The issue of high scarcity of water is a global issue now and those countries whose primary revenue sector depends upon the proper distribution of uninterrupted water supply get standstill when their natural water sources dry out.
Rainwater harvesting is the collection and storage of rain, rather than allowing it to run off. Rainwater is collected from a roof-like surface and redirected to a tank, cistern, deep pit (well, shaft, or borehole), aquifer or a reservoir with percolation. Rainwater harvesting differs from stormwater harvesting as the runoff is collected from roofs, rather than creeks, drains, roads or any other land surfaces. Its uses include watering gardens, livestock, irrigation, domestic use with proper treatment, and domestic heating. The harvested water can also be committed to longer-term storage or groundwater recharge.
Rainwater harvesting is one of the simplest and oldest methods of self-supply of water for households, and residential and household scale projects usually financed by the user. However, larger systems for schools, hospitals and other facilities can run up costs only able to be financed by companies, organization and governmental units.
Rainwater harvesting in for almost every country in the world. The only difference lies in the potential for the rainwater harvesting and the specific methods applied in the areas. Every rainwater harvesting system has a basic formation containing catchment surface, water transportation medium, filtration system and then, the storage system. The only difference is how developing countries are moving in the direction of preserving rainwater.
Our company can help, advise and design a rain water catchment or rain water cistern for free ,- if required -, when you order a prefab unit from us.

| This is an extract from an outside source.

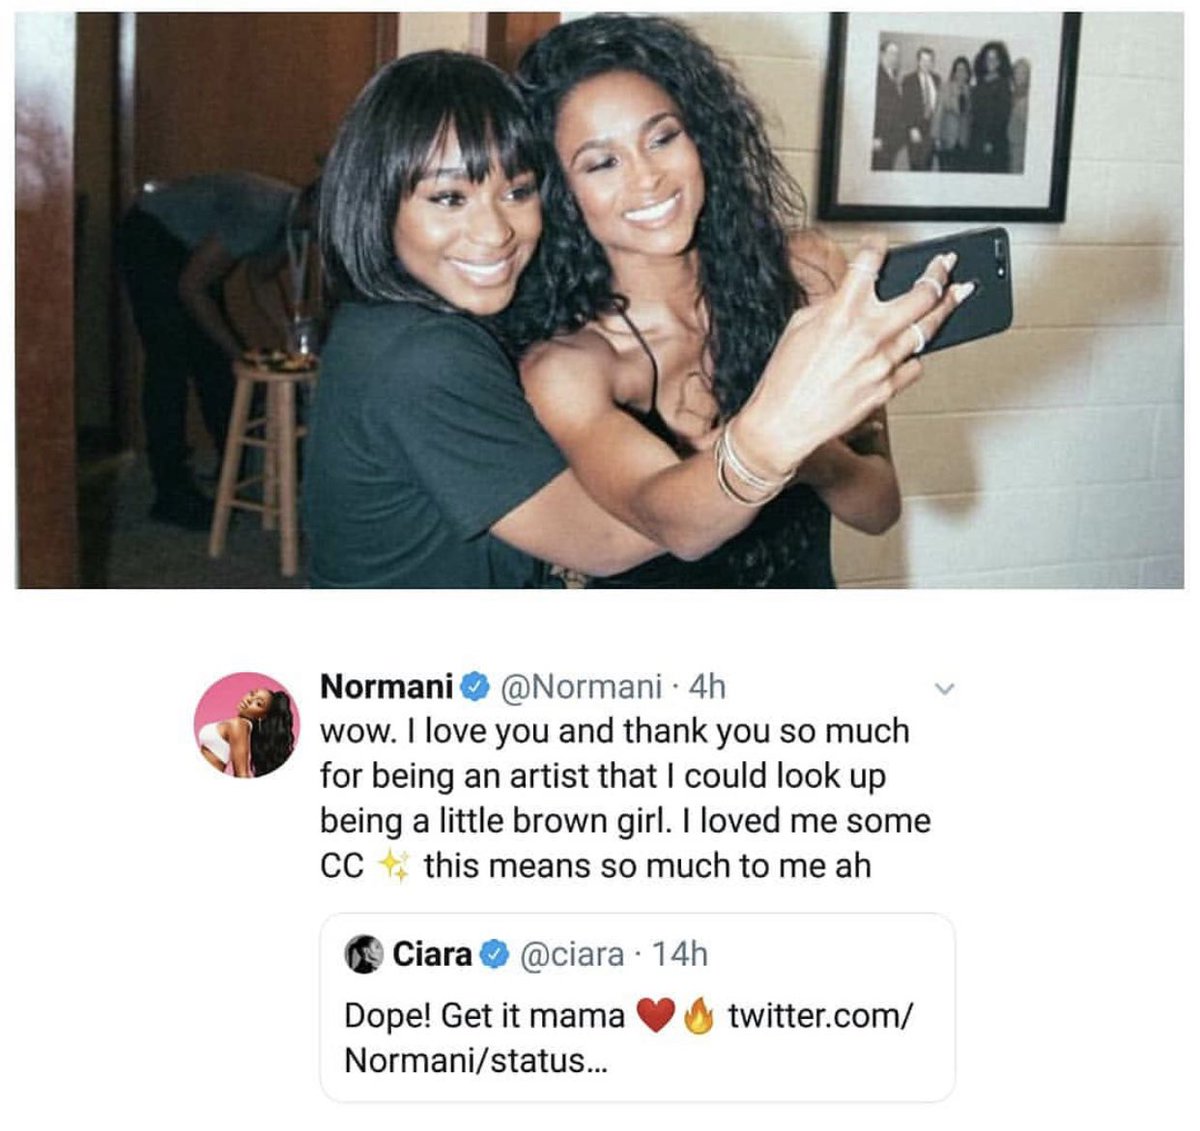 I couldn’t find your tweet to respond to, but seriously I know you work so hard, and it shows every time! You are carving out a lane of your own @Normani! The love you’ve shown me has also inspired me! #BlackGirlsRock ❤️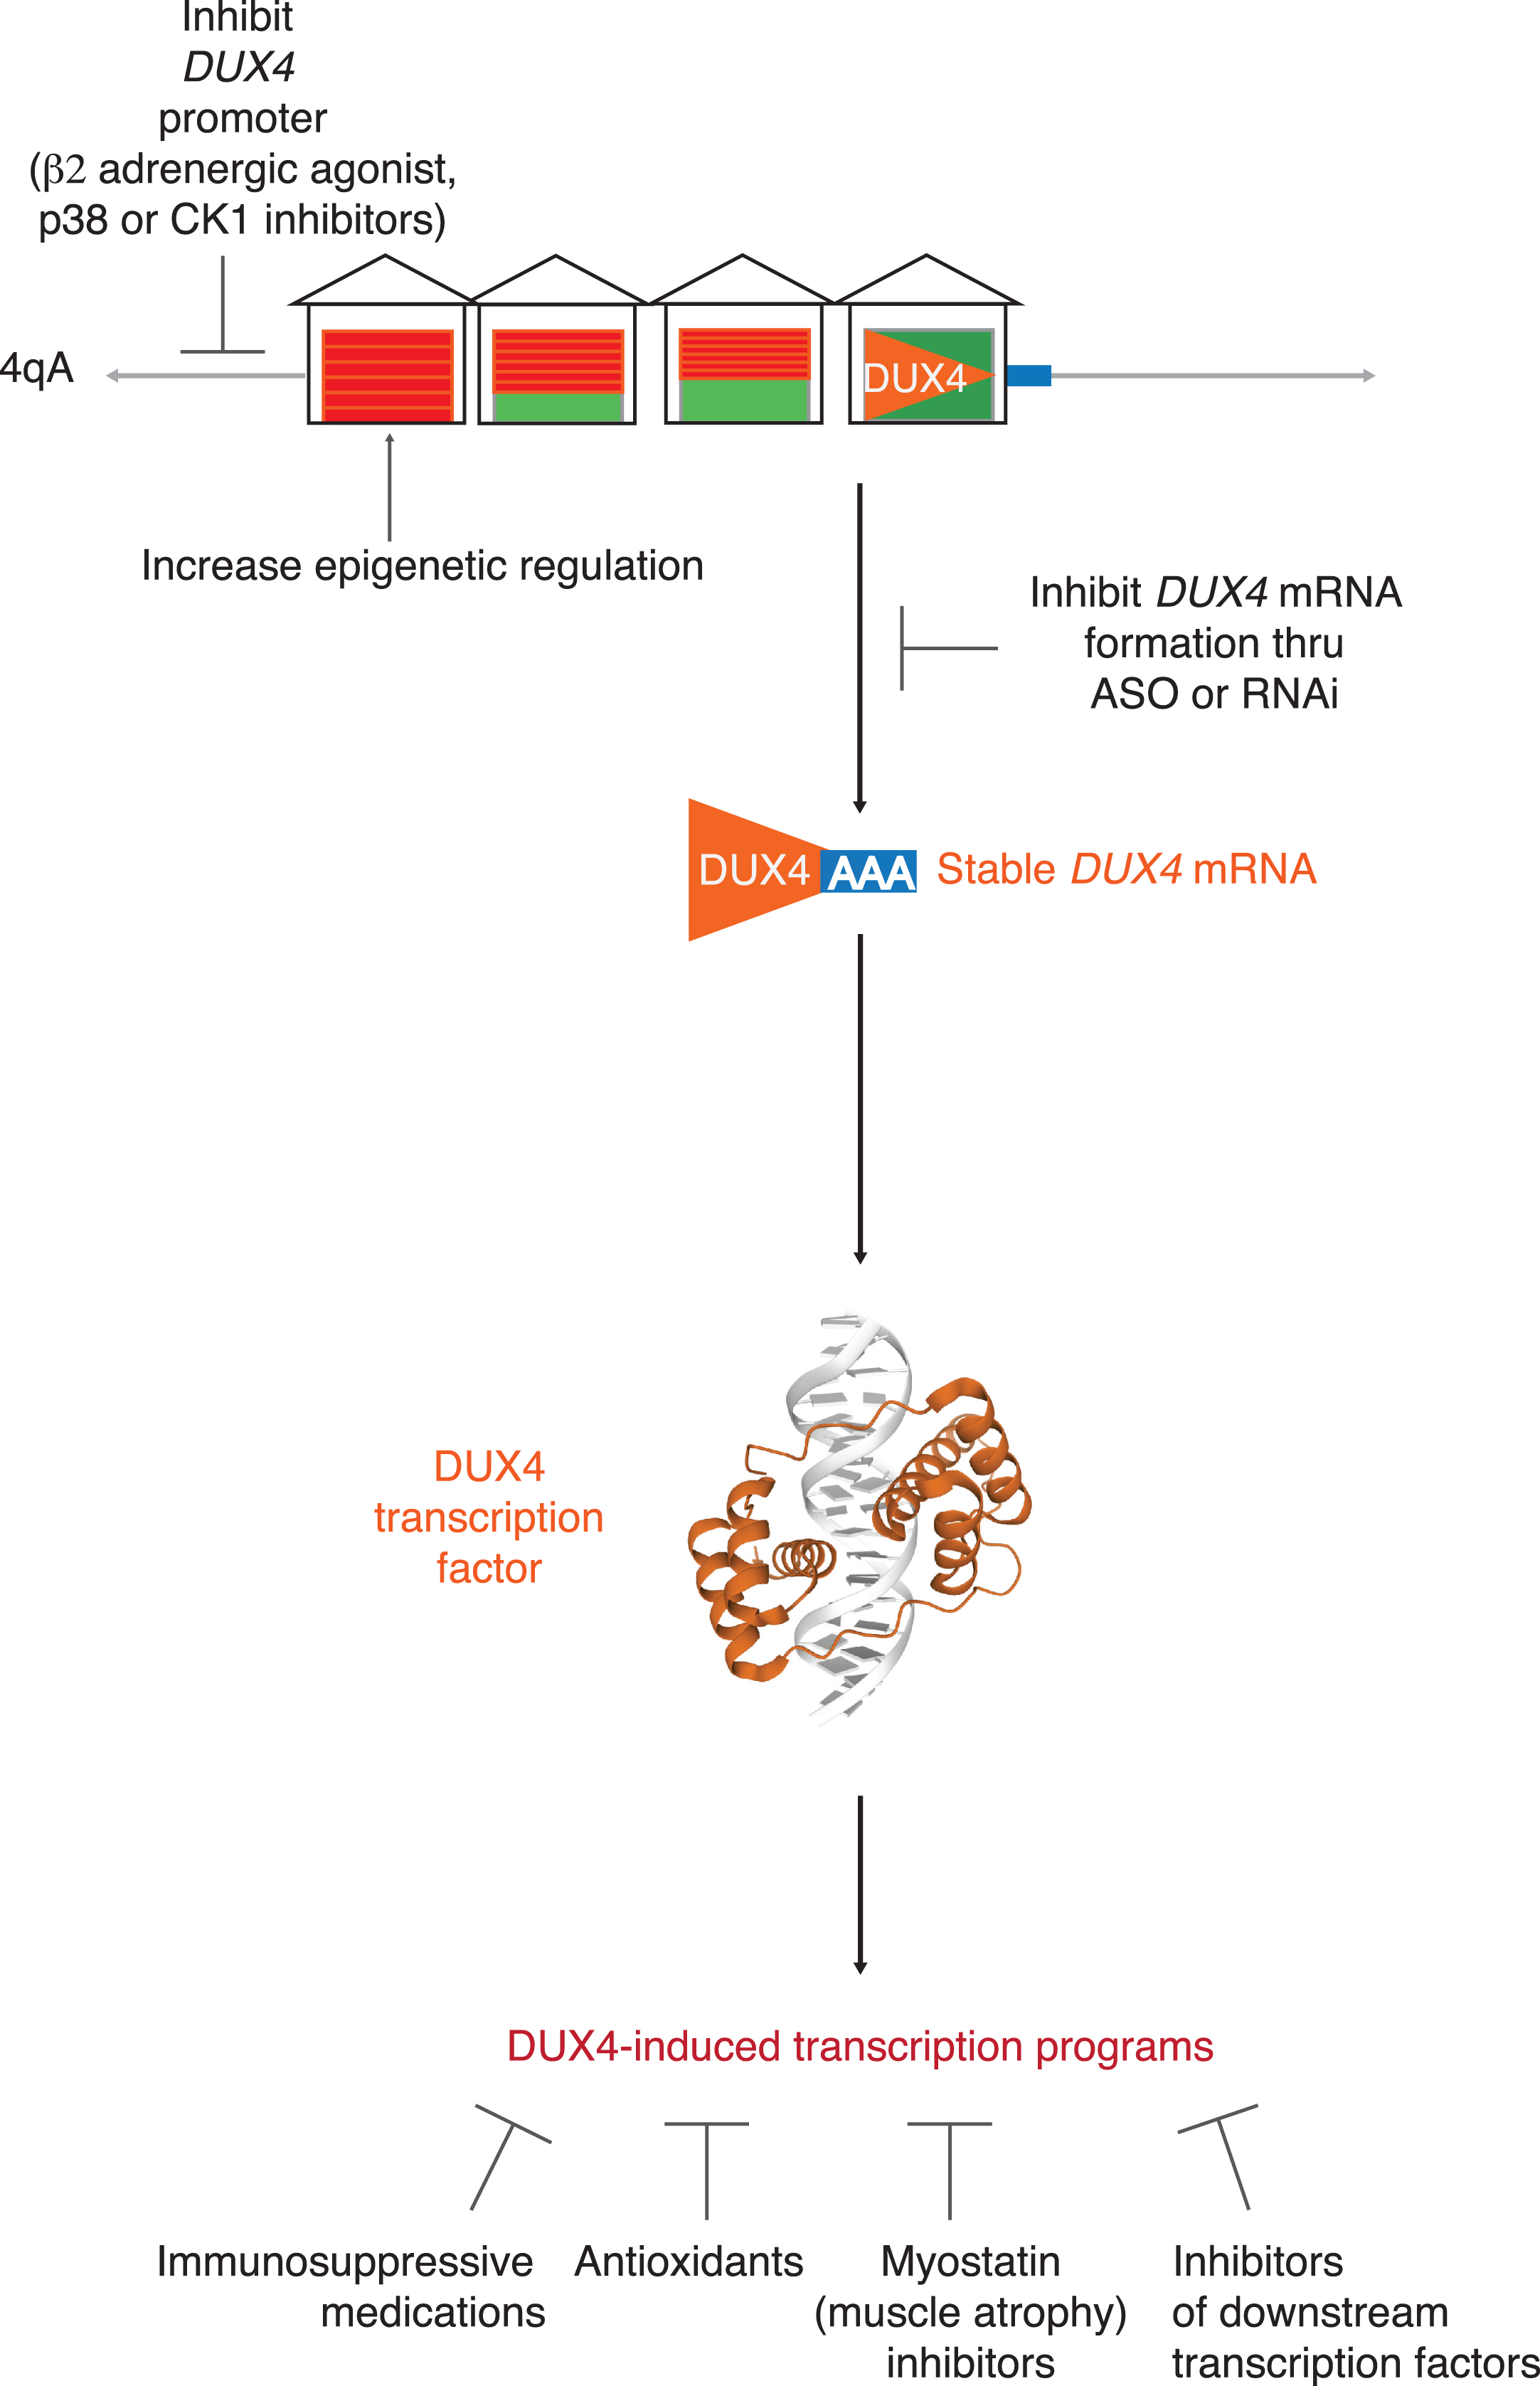 Targeting DUX4. Possible targeted therapeutic approaches to FSHD include: 1) epigenetic silencing of the D4Z4 repeats; 2) blocking DUX4 mRNA production by inhibiting DUX4 promoter or DUX4 mRNA formation; 3) targeting one of several identified downstream pathologic pathways triggered by DUX4 expression.

Given that rainfall is sporadic and that only a small proportion of global precipitation is easily available for human use, rainwater harvesting can be an efficient means of capturing that precious resource. In cities, much of the rain that falls on buildings, roofs, roads, and other hard landscaping does not percolate into the soil and is instead directed into storm sewers for disposal. Impermeable surfaces cause urban flooding in many areas and generate contaminated unusable water that is directed away from potable water resources. During dry months, local groundwater can be depleted, and many localities struggle to consistently provide enough potable water to meet demand. Rainwater harvesting for nonpotable functions, such as gardening and washing clothes, significantly reduces both the demanded amount of the total fresh water and the strain on stormwater infrastructure. That saving in the demand and supply of potable fresh water is significant in large cities. Although many localities encourage and even subsidize rain barrels and other rainwater harvesting systems, some areas, particularly those in the southwestern United States, view rainwater harvesting as a water rights issue and place restrictions on such collections.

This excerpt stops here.